For the data below, transcribe the part that opens with the line containing "List otwarty Dody do Edwarda Miszczaka" and closes with the line containing "銀座に志かわ金沢店の高級食パンは美味しい?お店の混み具合や予約などは?", exactly and with no pictures.

→ **Exercise inputs**
* * *

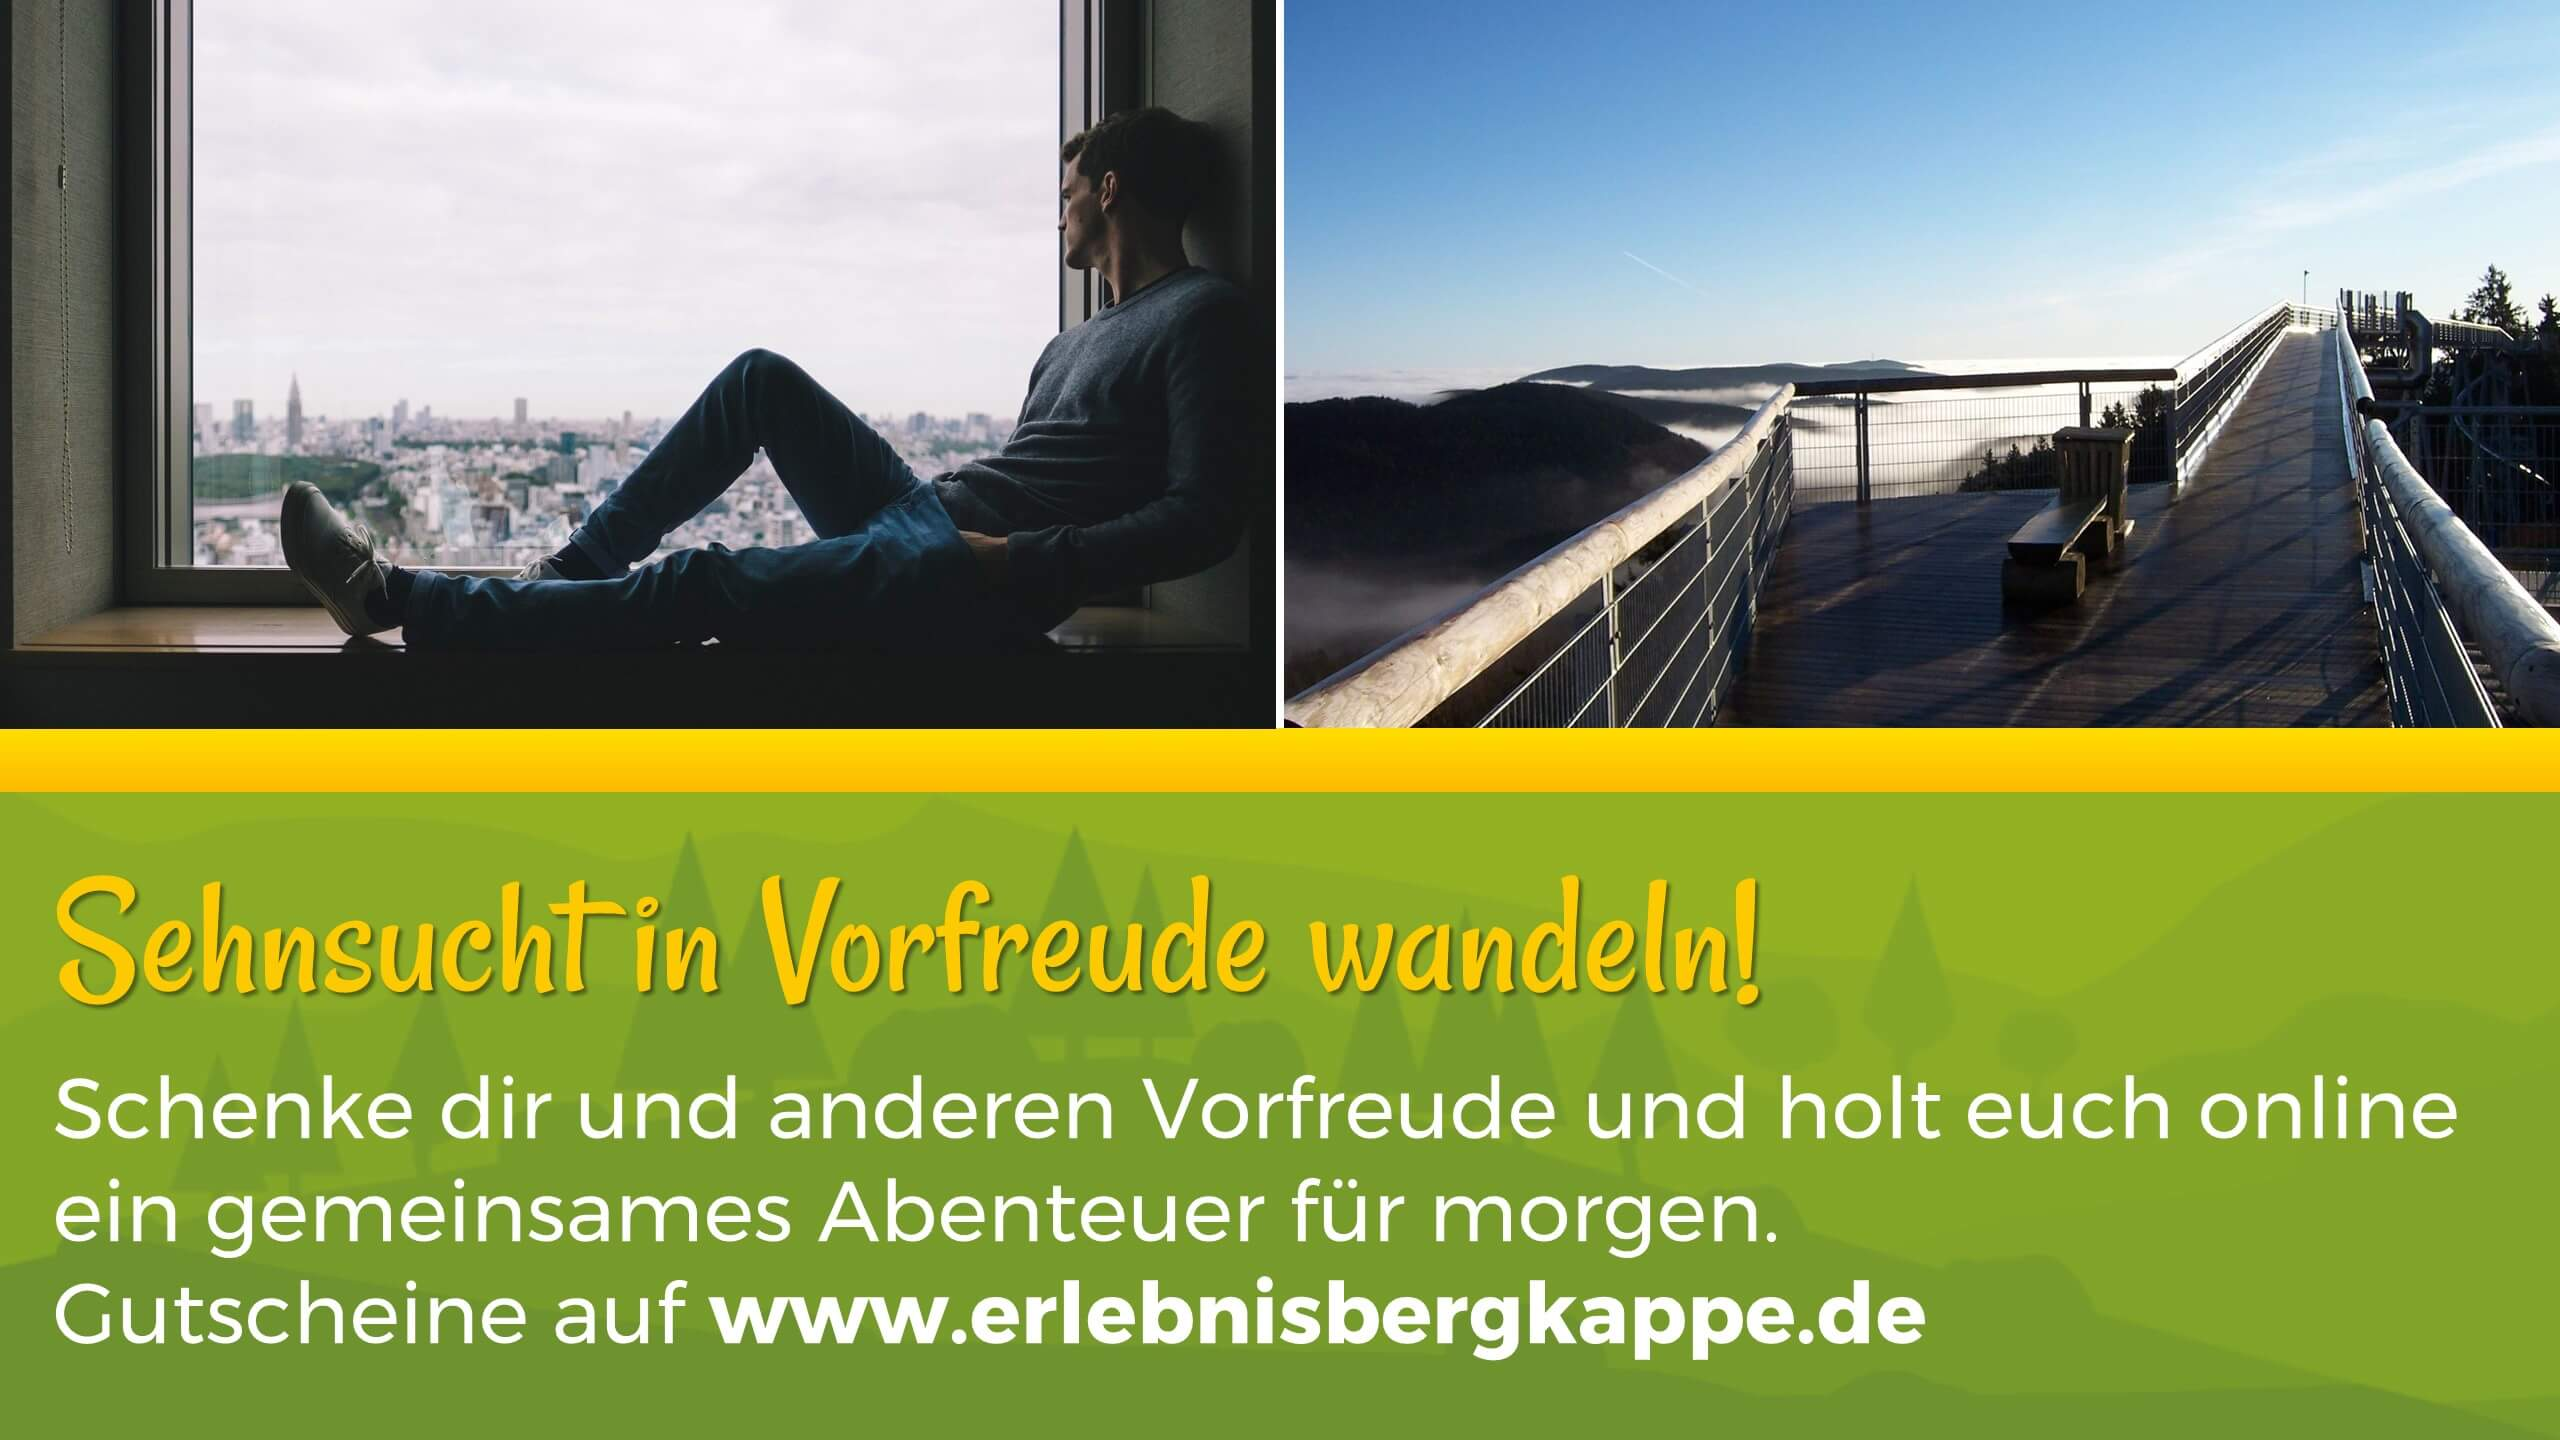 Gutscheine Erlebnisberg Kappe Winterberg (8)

* * *

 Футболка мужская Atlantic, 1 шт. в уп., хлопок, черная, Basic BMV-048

* * *

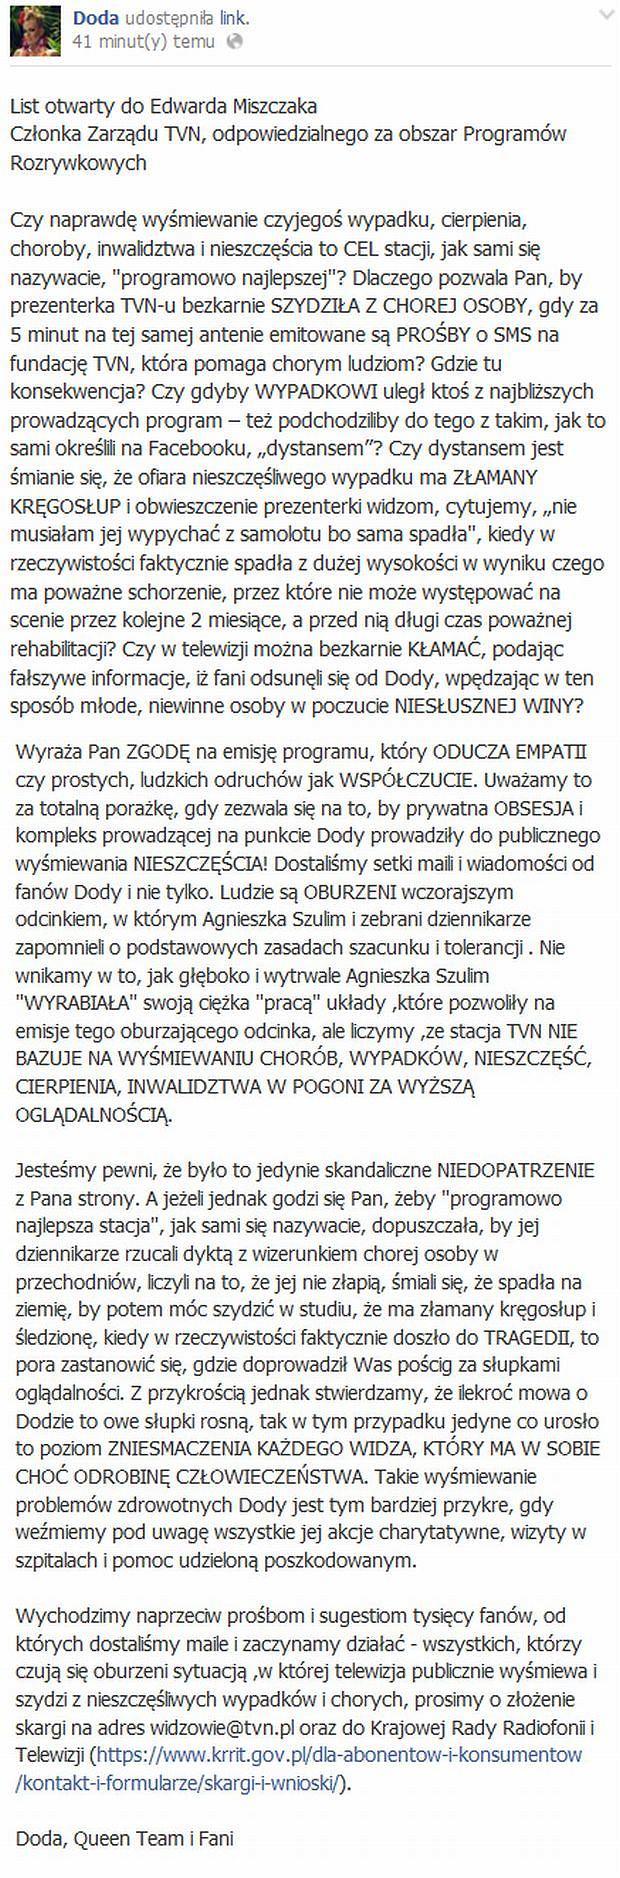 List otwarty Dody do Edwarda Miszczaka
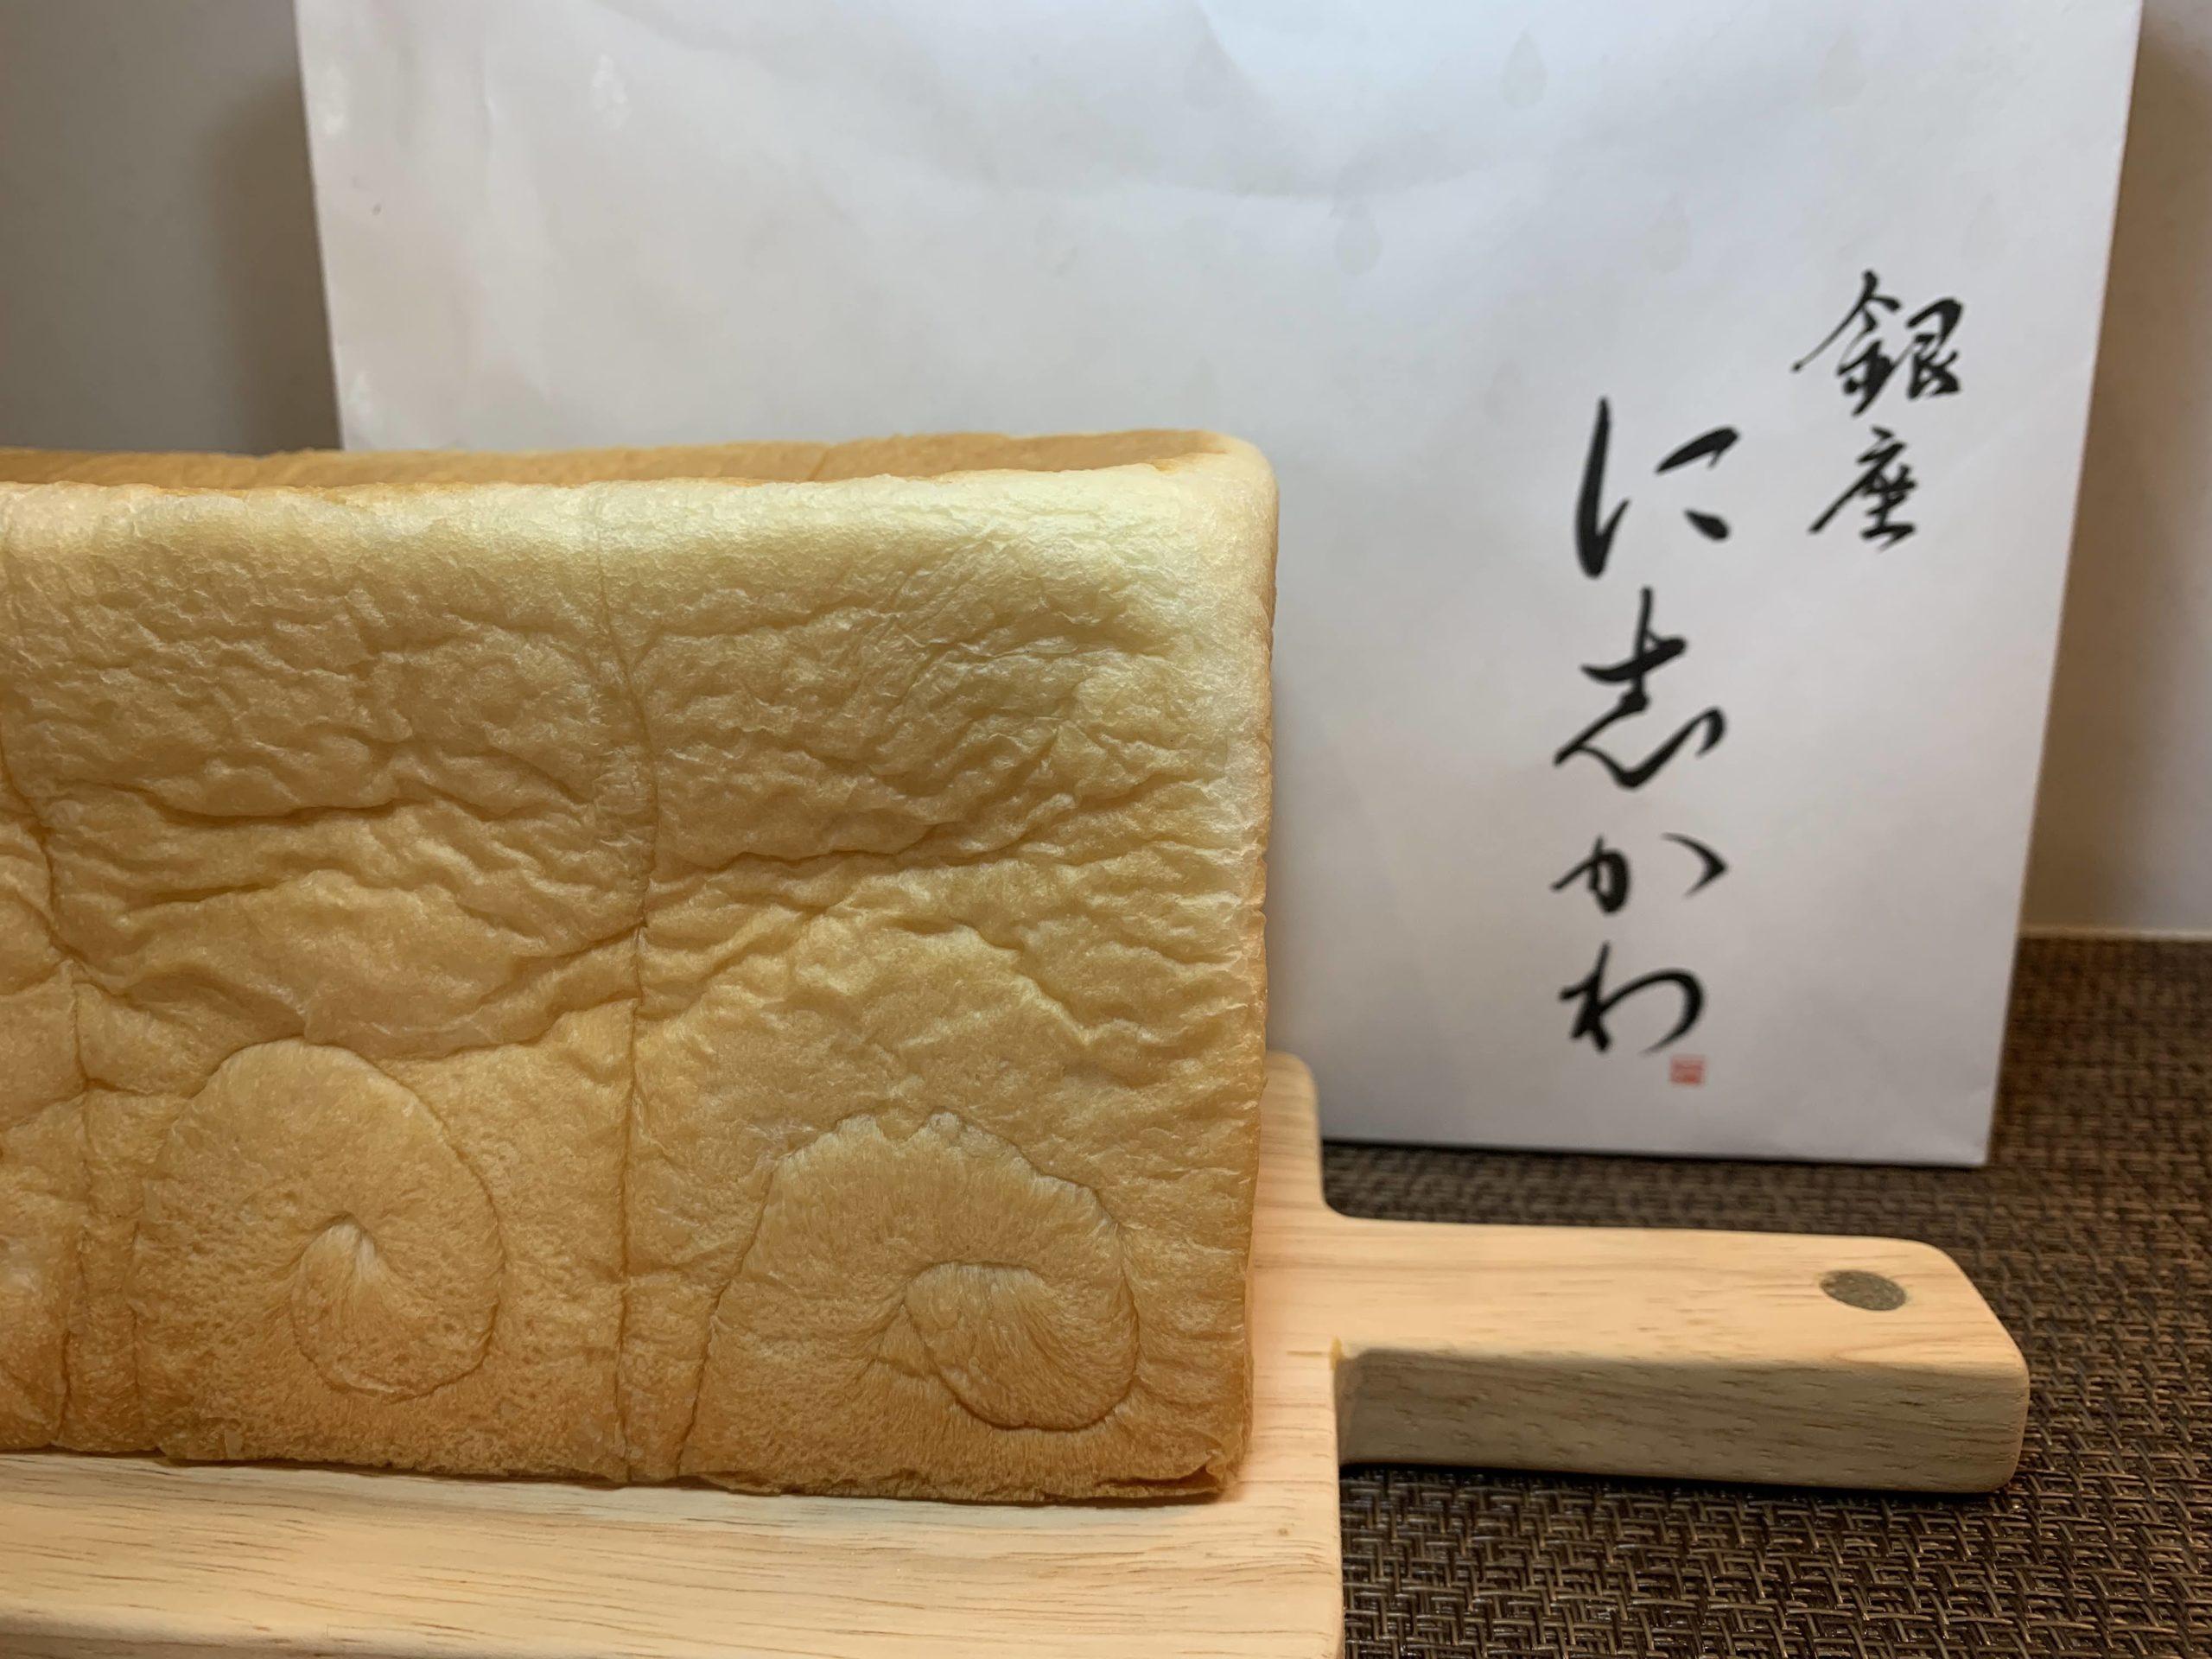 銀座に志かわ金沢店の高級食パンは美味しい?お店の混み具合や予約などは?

* * *

→ **Exercise result**
 List otwarty Dody do Edwarda Miszczaka
 銀座に志かわ金沢店の高級食パンは美味しい?お店の混み具合や予約などは?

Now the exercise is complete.